In order to obtain labeled data, a straightforward procedure is to remove one or more of the "true" CC-recipients from the original message, and then consider this address as the label to be predicted. The output of the algorithms will output a ranked list with the most likely recipients for each message in a test collection. To evaluate performance, we intend to use three different methods: average precision at rank 1, average rank and precision-recall curves. These methods in combination should reveal more the nature of the task.

Dataset, Parsing, Methods, Results and Analysis can be found in the final report.

Final Report

The final report can be found here.

References

[1] Introducing the Enron Corpus, Bryan Klimt & Yiming Yang, CEAS 2004

[2] CC Prediction with Graphical Models, Chris Pal & Andrew McCallum, CEAS 2006

[3]  On-line Supervised Spam Filter Evaluation, G. Cormack & T. Lynam, ACM Transactions on Information Systems, to appear, 2006.

[4]  Graph-Based Ranking Algorithms for E-mail Expertise Analysis Byron Dom, Iris Eiron, Alex Cozzi & Yi Zhang, Data Mining and Knowledge Discovery Workshop(DMKD2003) in ACM SIGMOD 2003

[5] Expertise identification using email communications, Christopher S. Campbell, Paul P. Maglio, Alex Cozzi & Byron Dom, CIKM 2003

[6] The Enron Corpus: A New Dataset for Email Classification Research B. Klimt and Y. Yang., ECML 2004

[7] An Application of Machine Learning to E-Mail Filtering., J. Rennie,  iFile:  In Proc. KDD00 Workshop on Text Mining, Boston, 2000.

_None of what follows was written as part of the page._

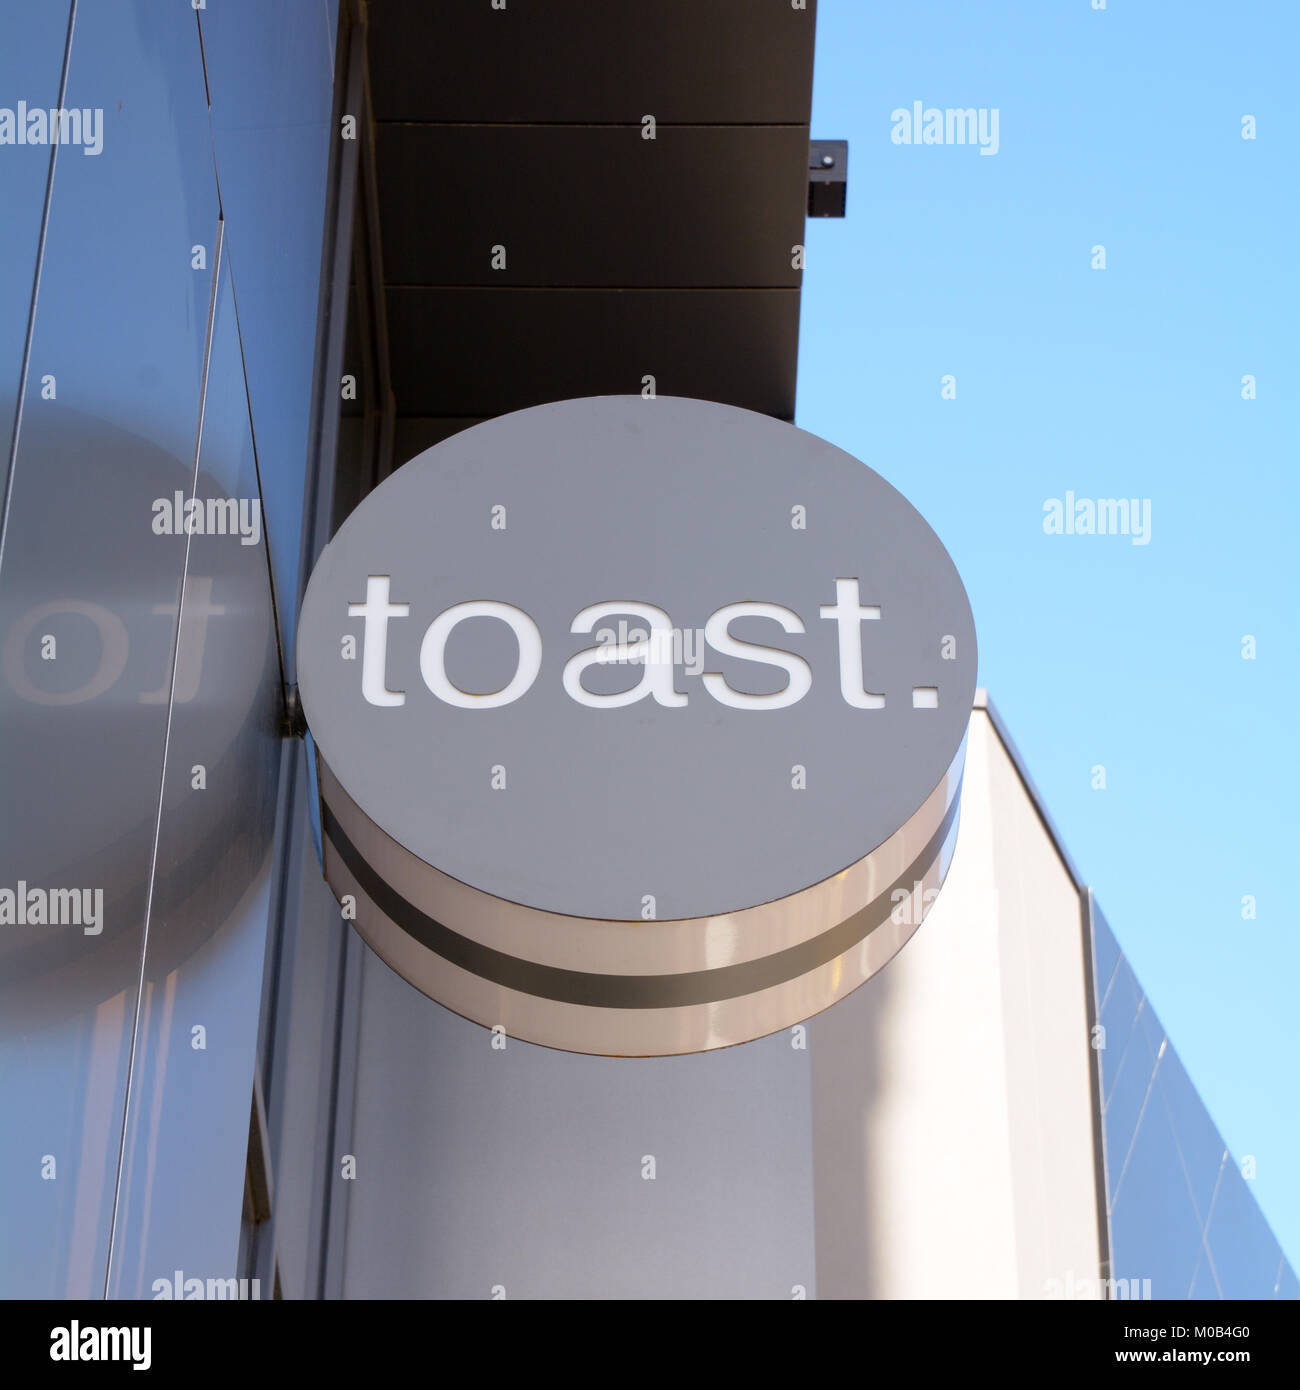 Restaurant Toast - un concept restaurant où tout est servi sur un toast à Bedford Bedfordshire Angleterre Banque D'Images

[8] Empirical Analysis of Predictive Algorithms for Collaborative Filtering, J. S. Breese, D. Heckerman and C. Kadie, UAI, 1998.

[9] A C/Matlab Toolkit for collaborative filtering, http://www-2.cs.cmu.edu/~lebanon/IR-lab.htm, 2003.

[10] Extracting social networks and contact information from email and the Web,  Aron Culotta, Ron Bekkerman & Andrew McCallum, CEAS 2004.

[11] Detecting Action-Items in Email , Paul N. Bennett and Jaime Carbonell, SIGIR 2005.

[12] Enterprise track, 2005. URL: http://www.ins.cwi.nl/projects/trec-ent/wiki/.

[13] Finding Experts and their Details in E-mail Corpora, K. Balog and M. de Rijke. In: 15th International World Wide Web Conference (WWW2006), 2006.